Today we’d like to introduce you to Suzanne Baran.

Suzanne, please share your story with us. How did you get to where you are today?
Post 9-11, I moved to sunny Los Angeles to pursue a better overall lifestyle. I was a financial journalist in NYC and lost half my office in the attacks. Other deaths occurred the same year, notably my brother and best friend.

When I arrived in LA, financial reporter opportunities were in short supply. I didn’t have a network and began working at a series of odd jobs, one as an office manager for models and photographers. Shortly thereafter, I delved into magazine subscription sales for Magmall and learned SEO best practices in 2002.

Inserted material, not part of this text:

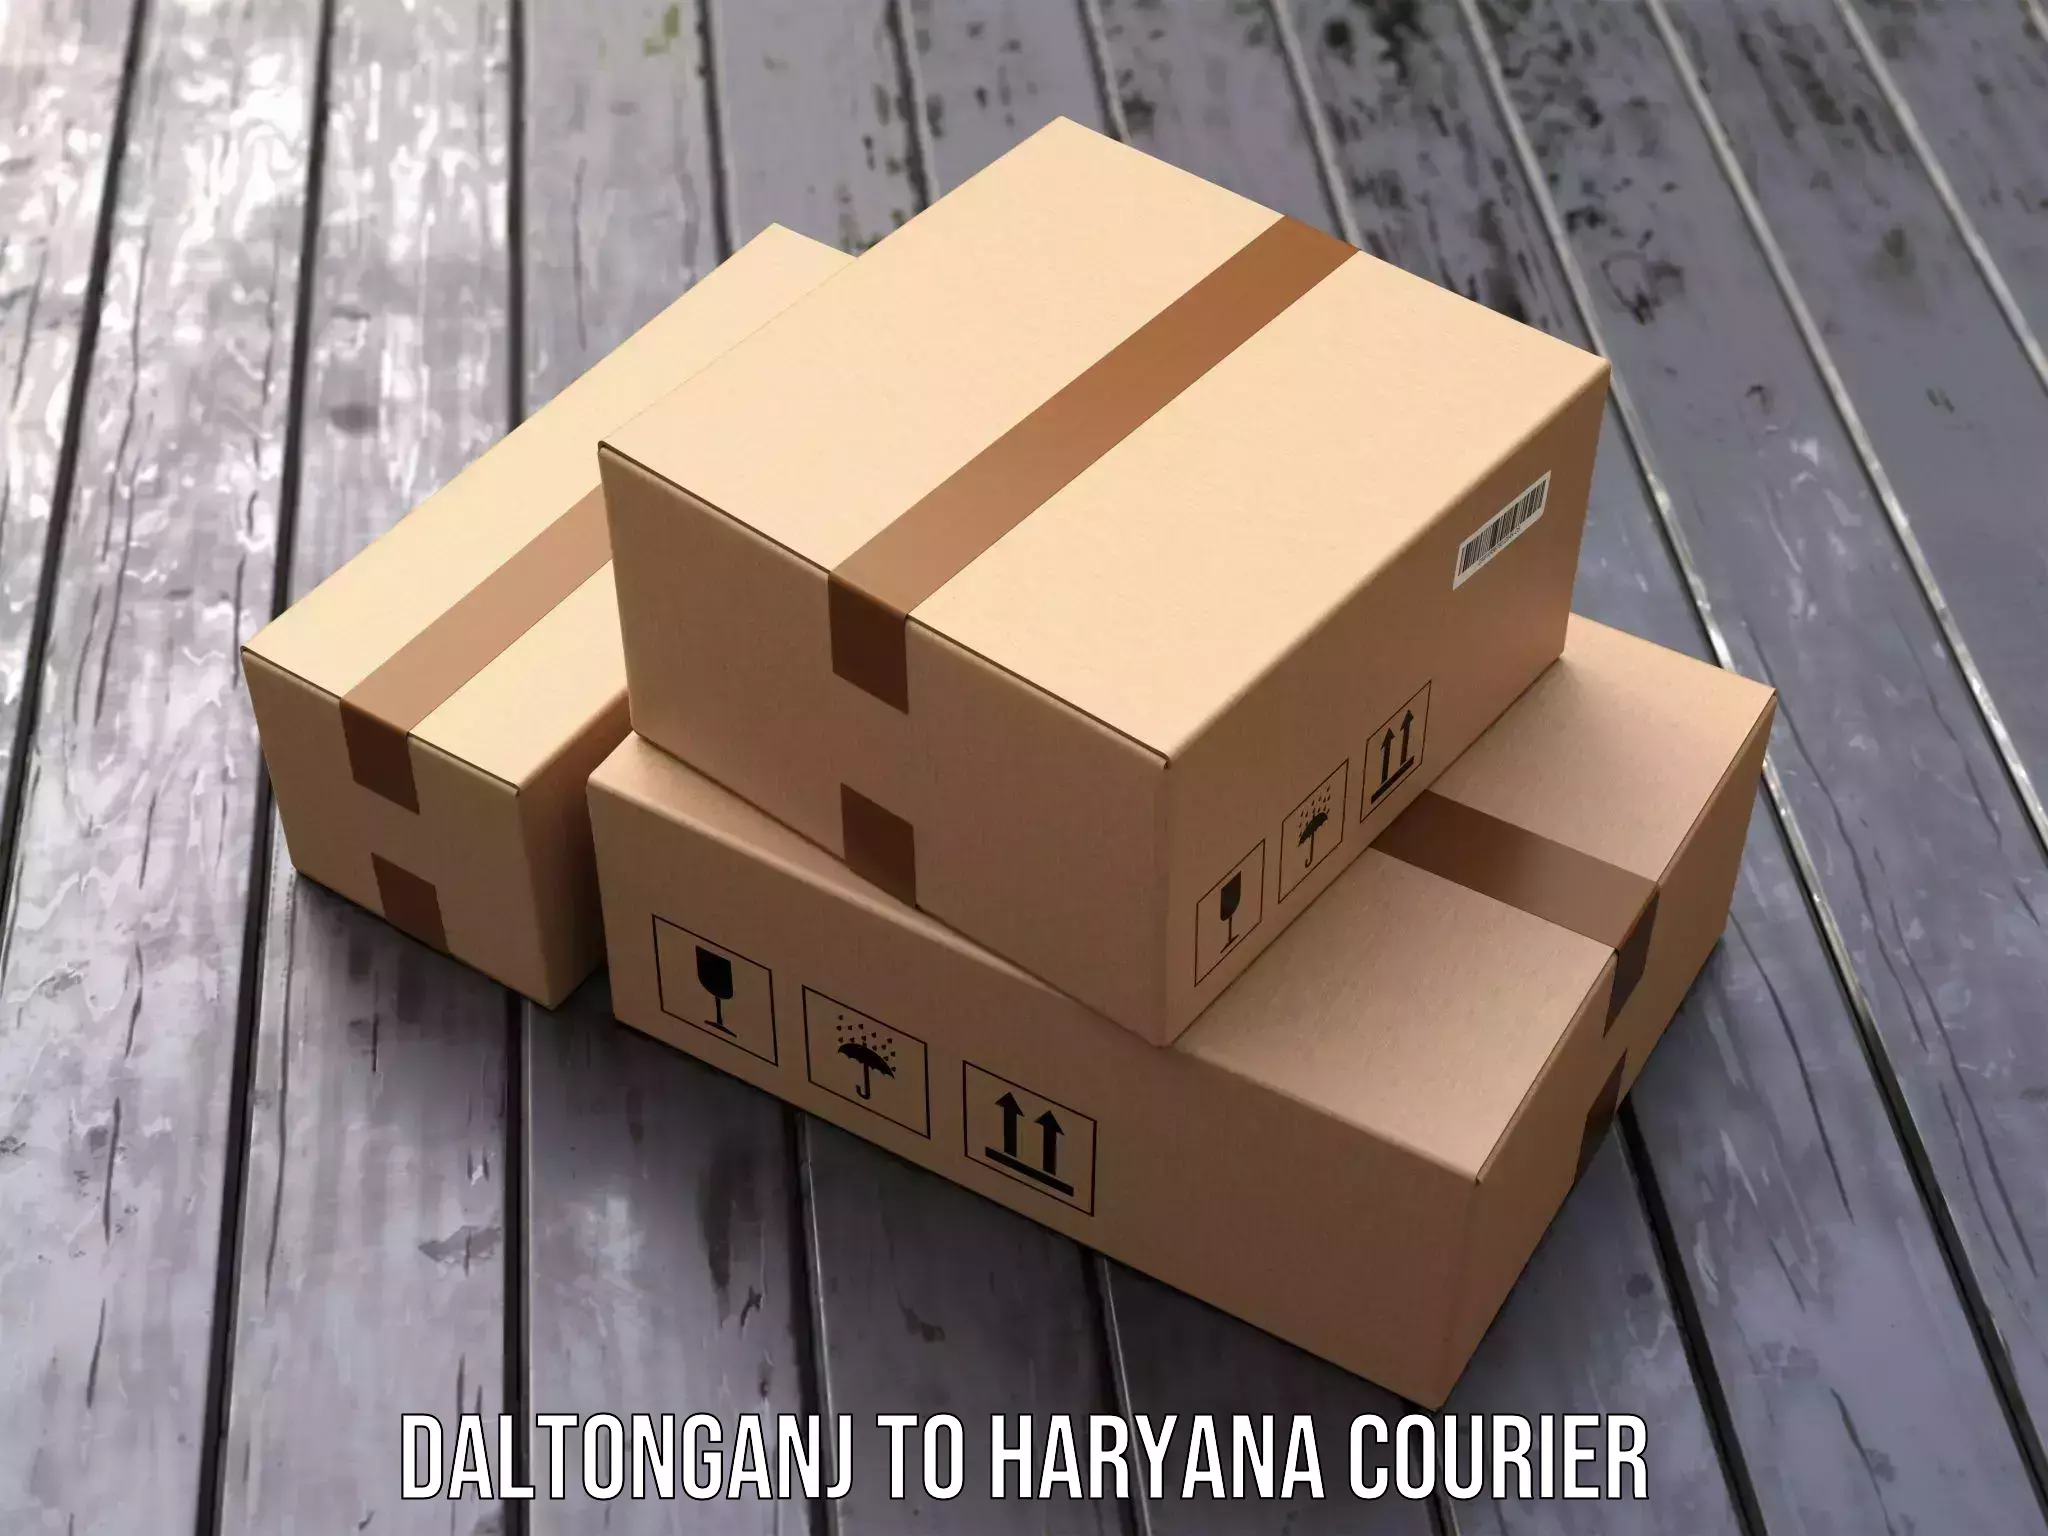 Subscription-based courier Daltonganj to Ambala
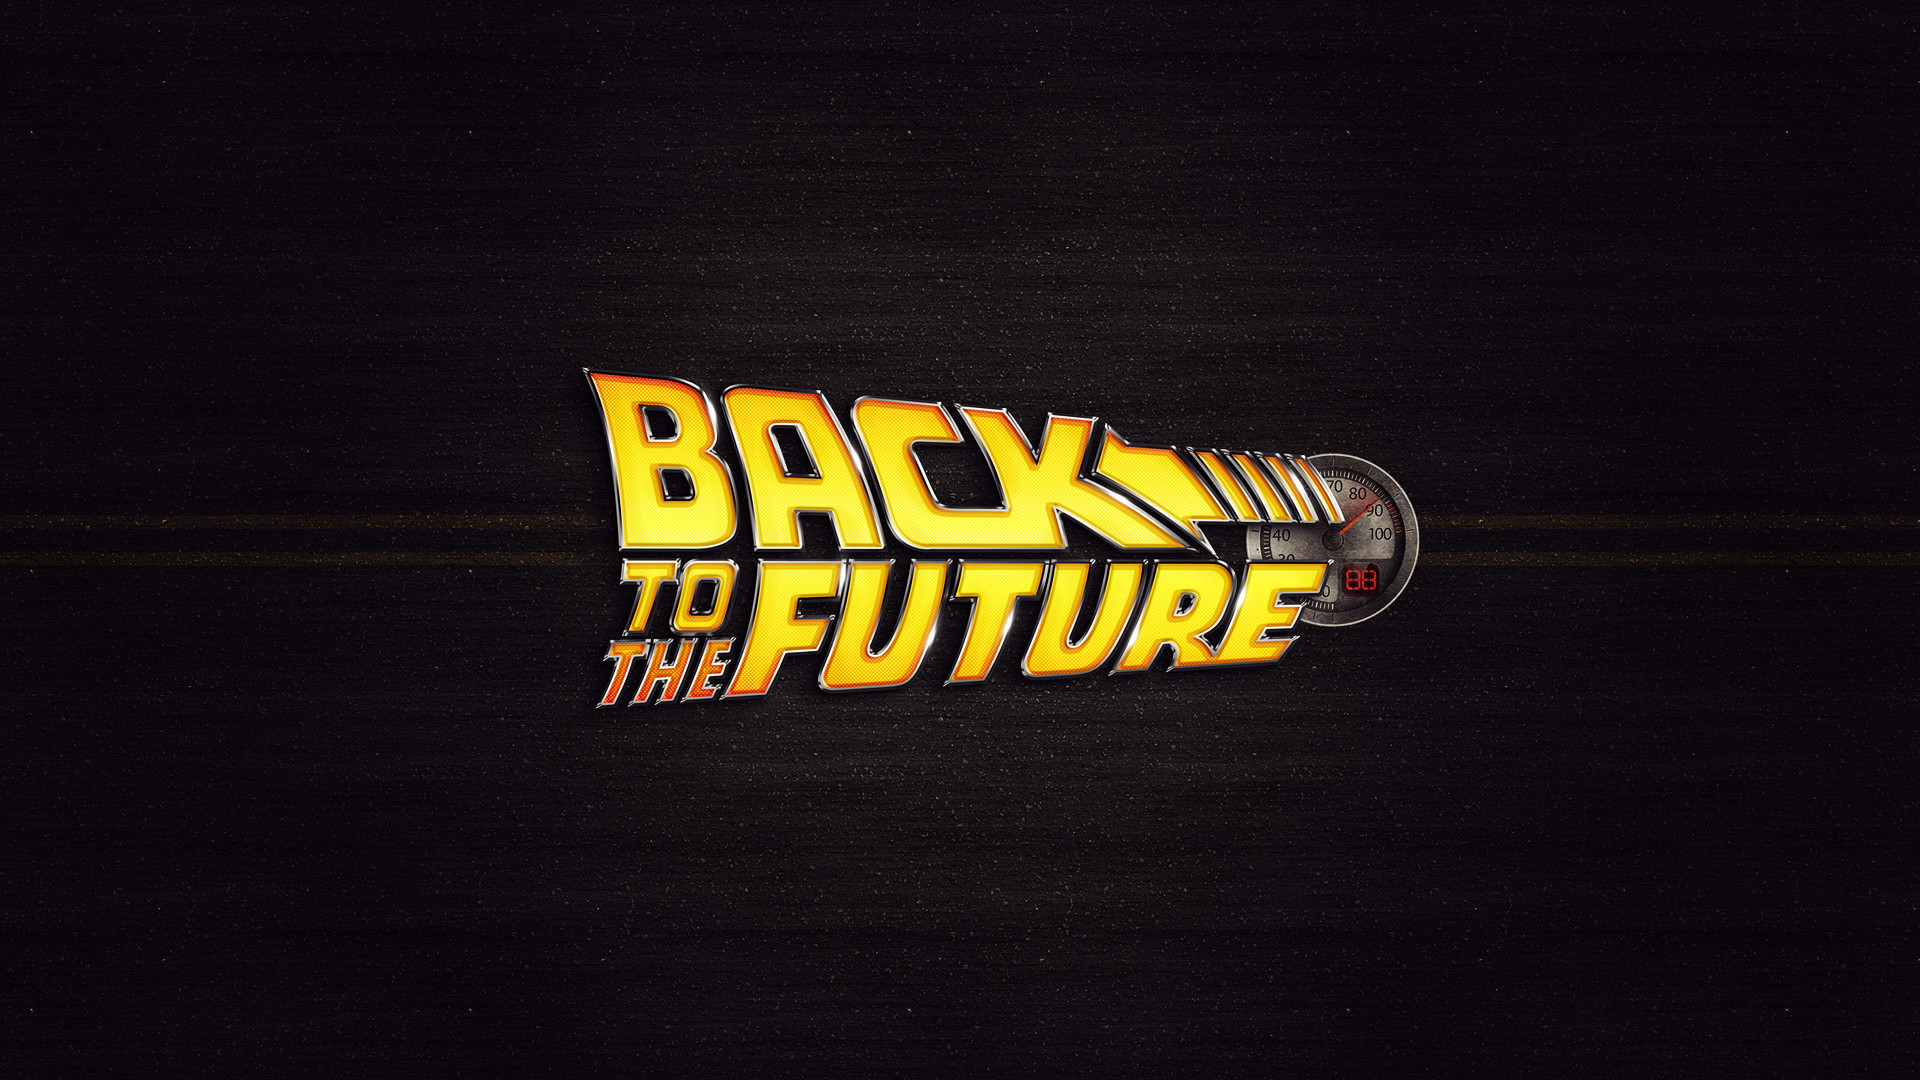 1920x1080 Back To The Future Movie Logo Desktop Wallpaper Uploaded by DesktopWalls

Finally, DirecTV hired me in 2003 to write technical scripts for customer service agents on fixing snowy screens, aspect ratios, and I wrote DVR manuals.

I helped the Director of CS develop iconography for reps – using content strategy for the first time – to help agents retrieve information quicker for irate callers.

I dabbled in financial textbook editing for McGraw-Hill for a brief stint. In 2005, The Hollywood Reporter hired me as a web and newsletter editor. I attended parties and premieres, interviewed celebrities, costume designers, directors, and actors. I made a play to write print pieces and published a story on Mary J. Bilge, a true warrior.

On the technical side, I learned HTML and migrated content from TeamSite to a proprietary content management system.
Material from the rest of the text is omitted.